Below are some records. Return exactly their lines from the one containing "svart skjortjacka i fleece" through the one containing "70s 70s font", and drop the pictures.

# [Records for the exercise]
******************************

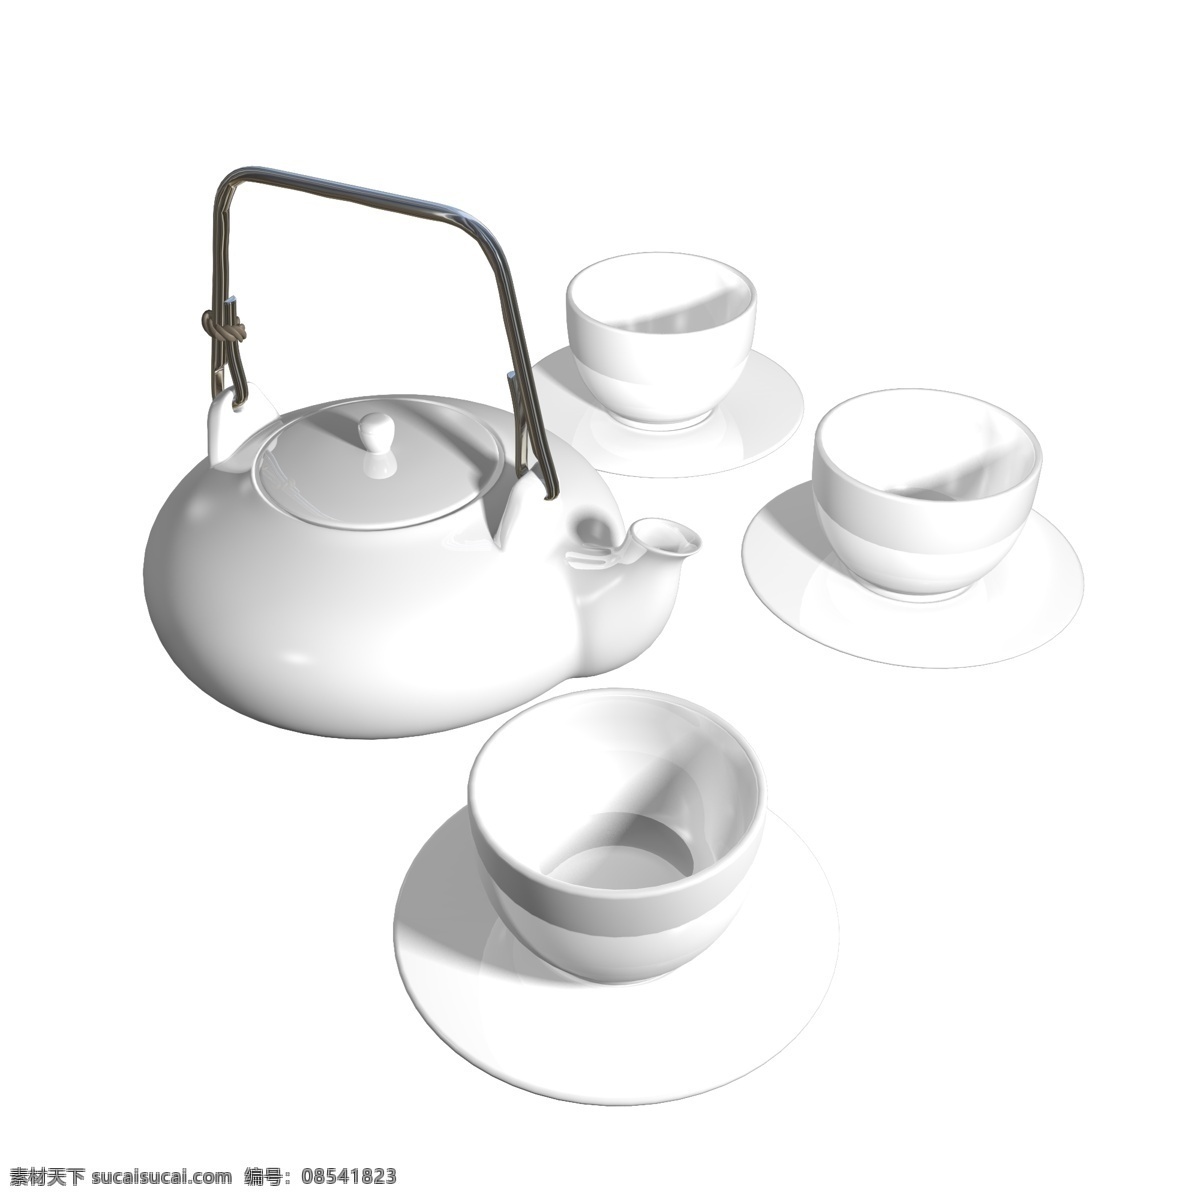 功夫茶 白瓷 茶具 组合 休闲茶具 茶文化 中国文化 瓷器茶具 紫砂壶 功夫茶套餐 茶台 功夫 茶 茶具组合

******************************

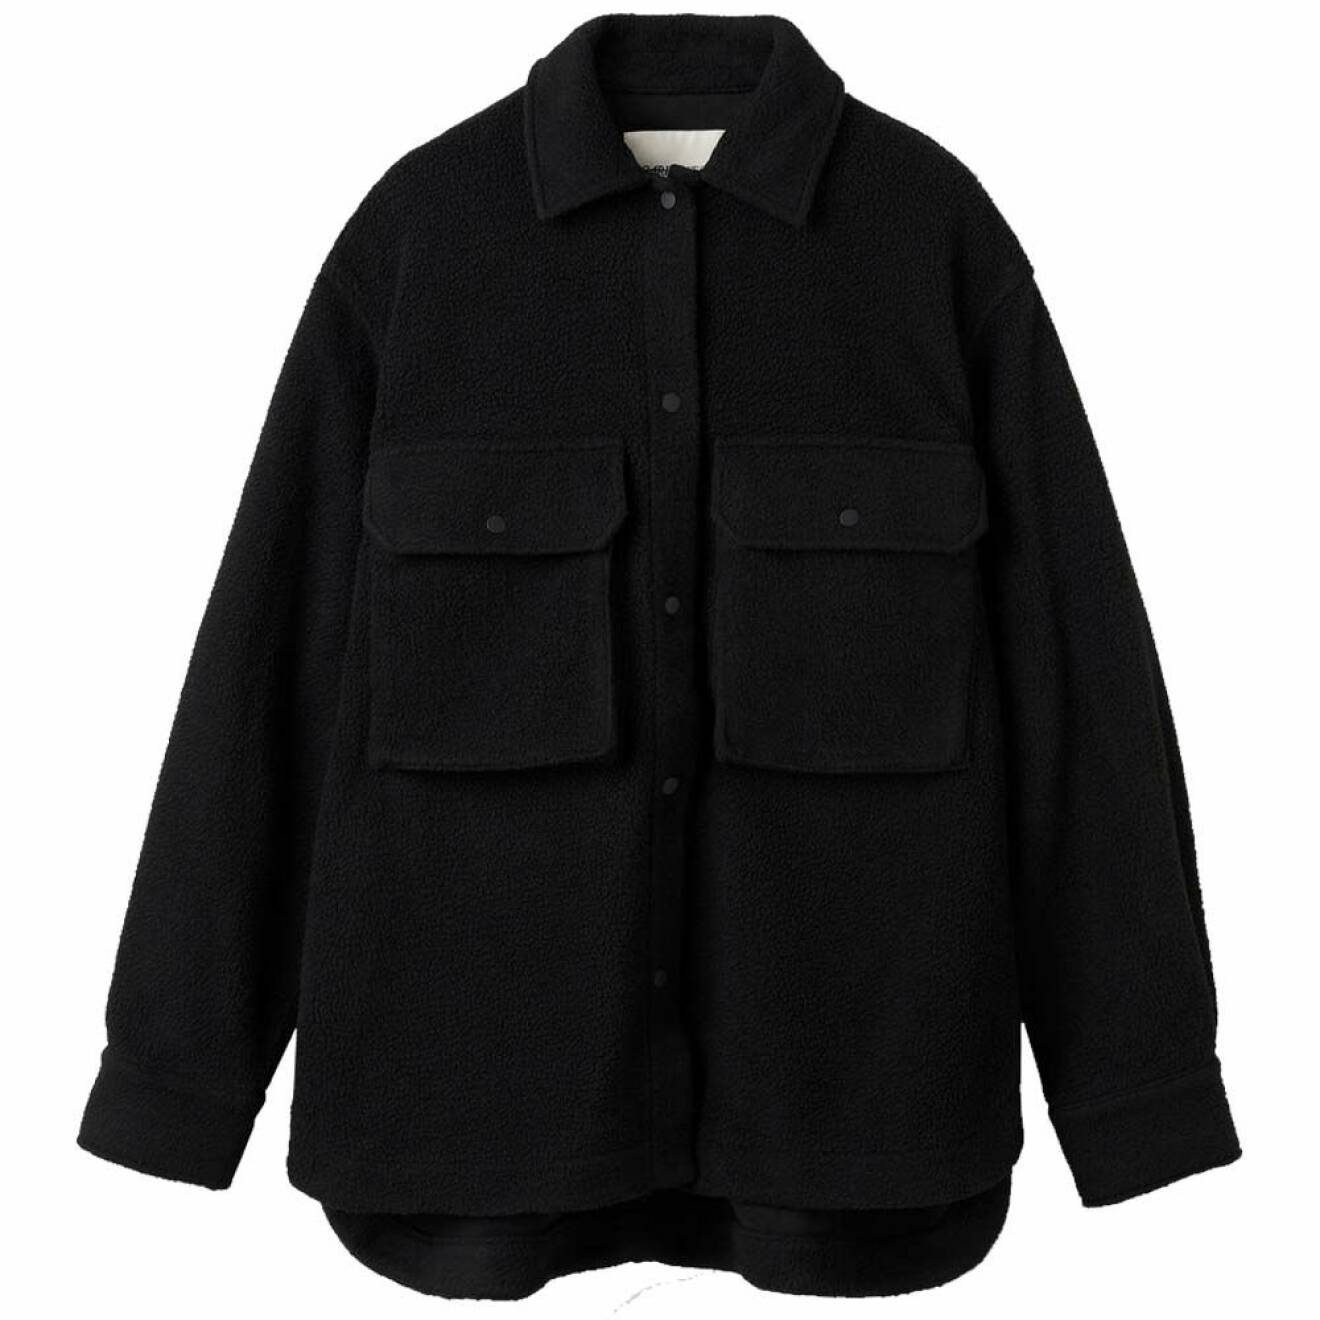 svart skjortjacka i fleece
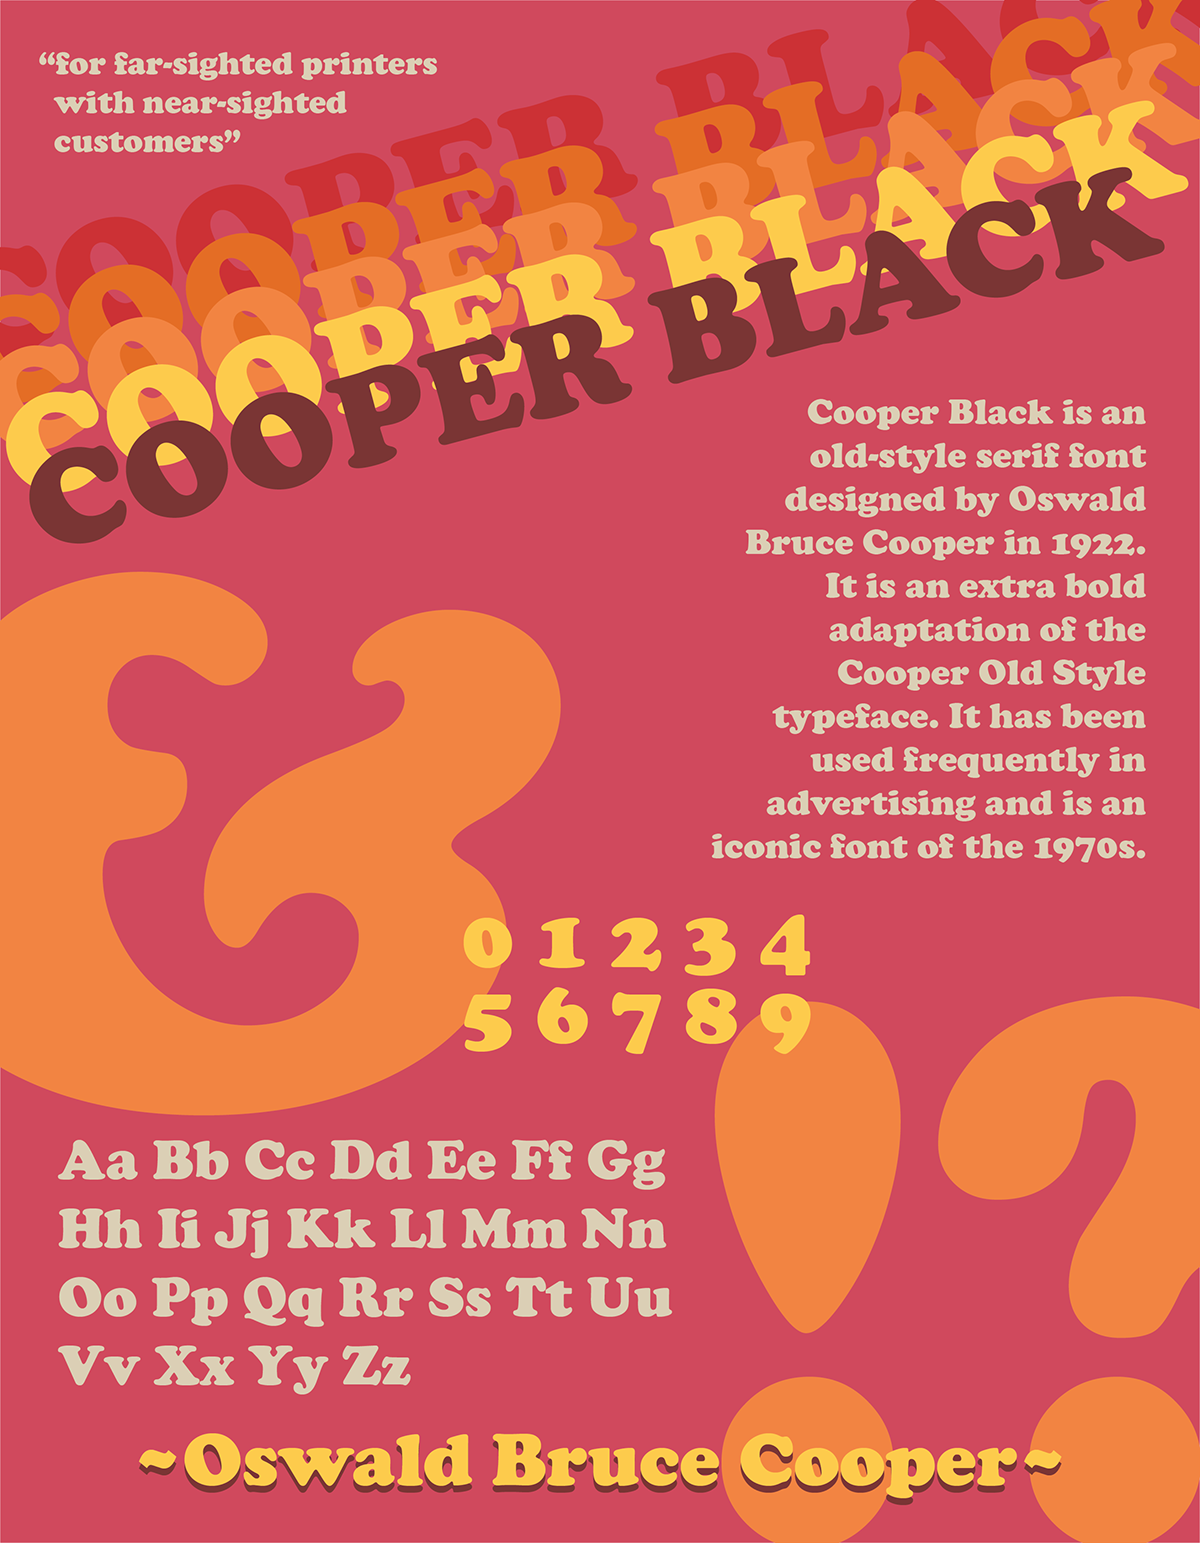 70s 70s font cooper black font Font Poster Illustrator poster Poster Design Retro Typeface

******************************

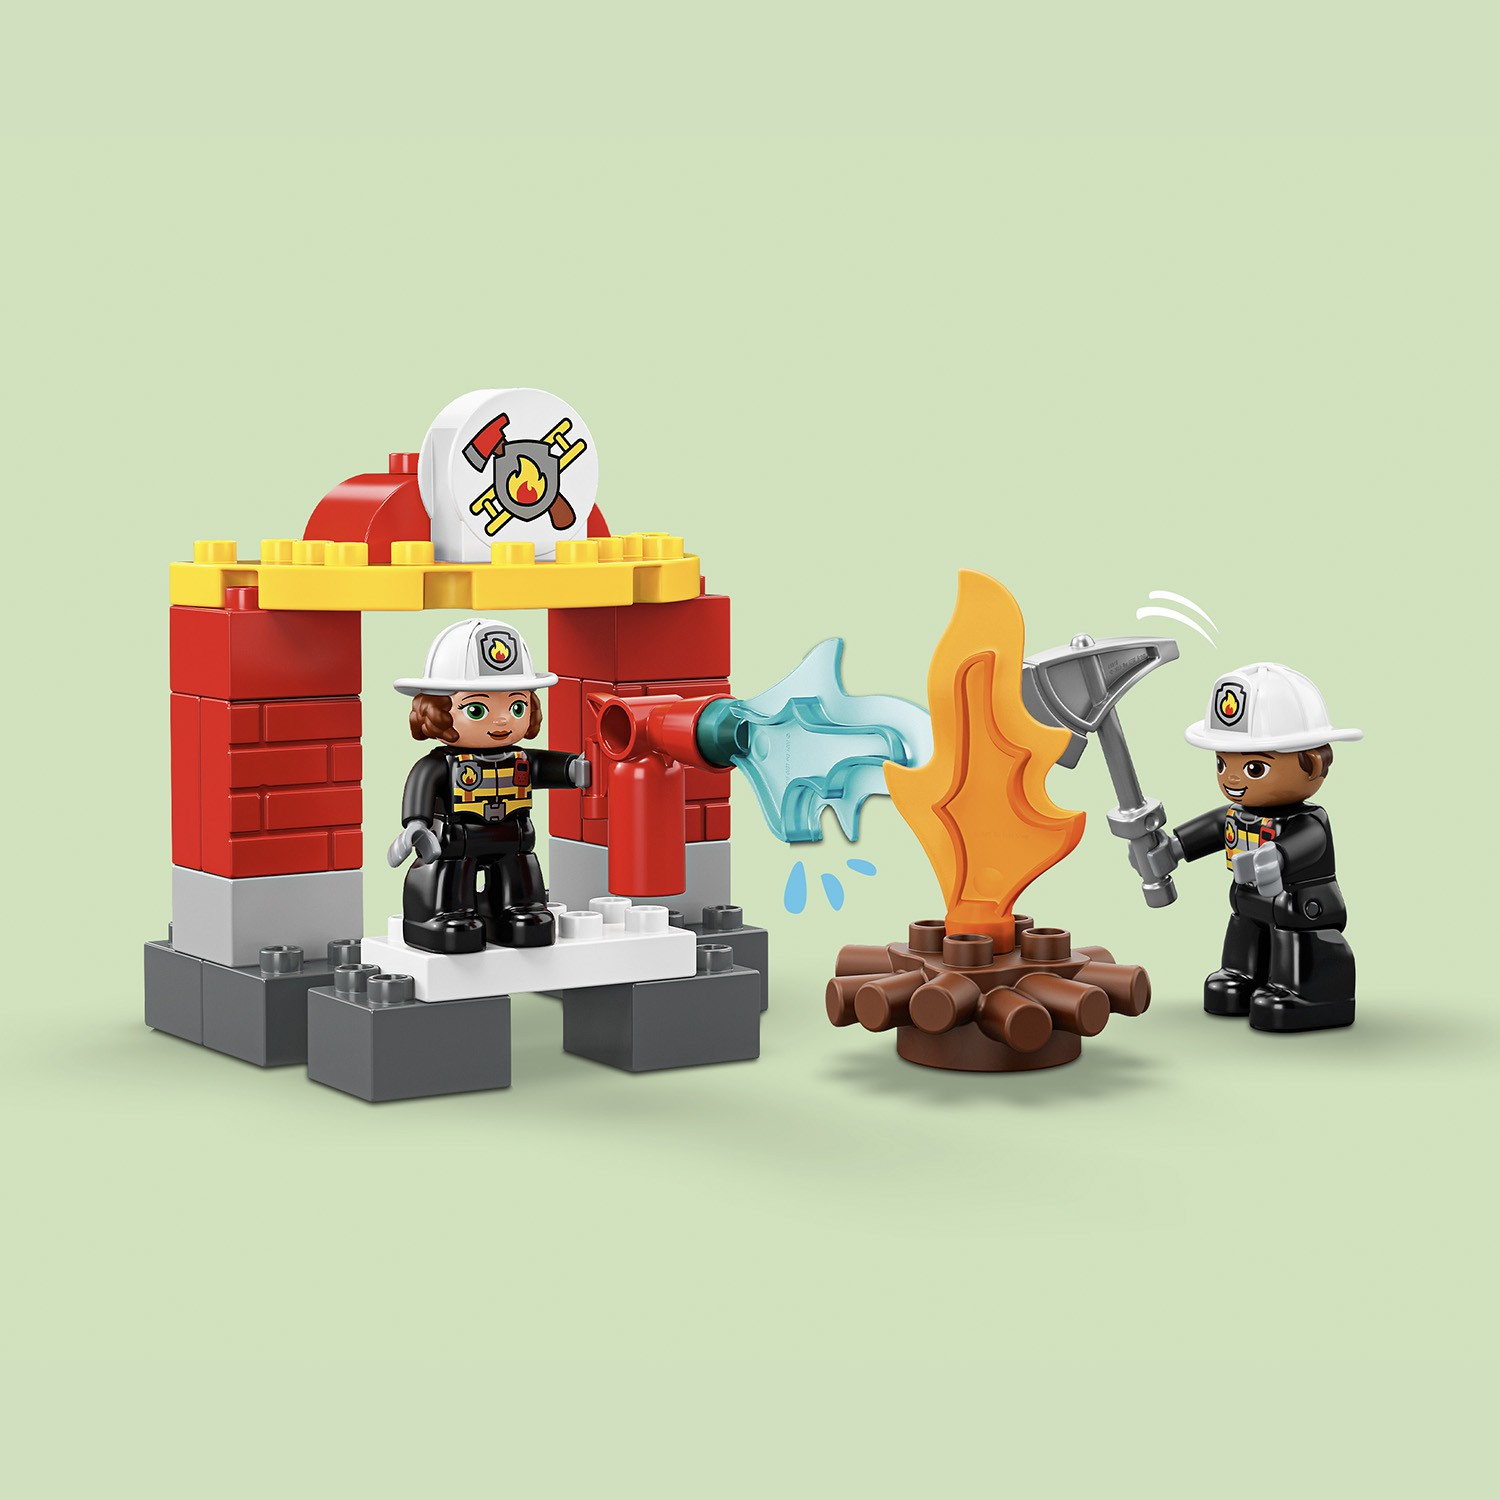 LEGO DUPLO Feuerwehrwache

******************************

# [Answer to this task]
 svart skjortjacka i fleece
 70s 70s font cooper black font Font Poster Illustrator poster Poster Design Retro Typeface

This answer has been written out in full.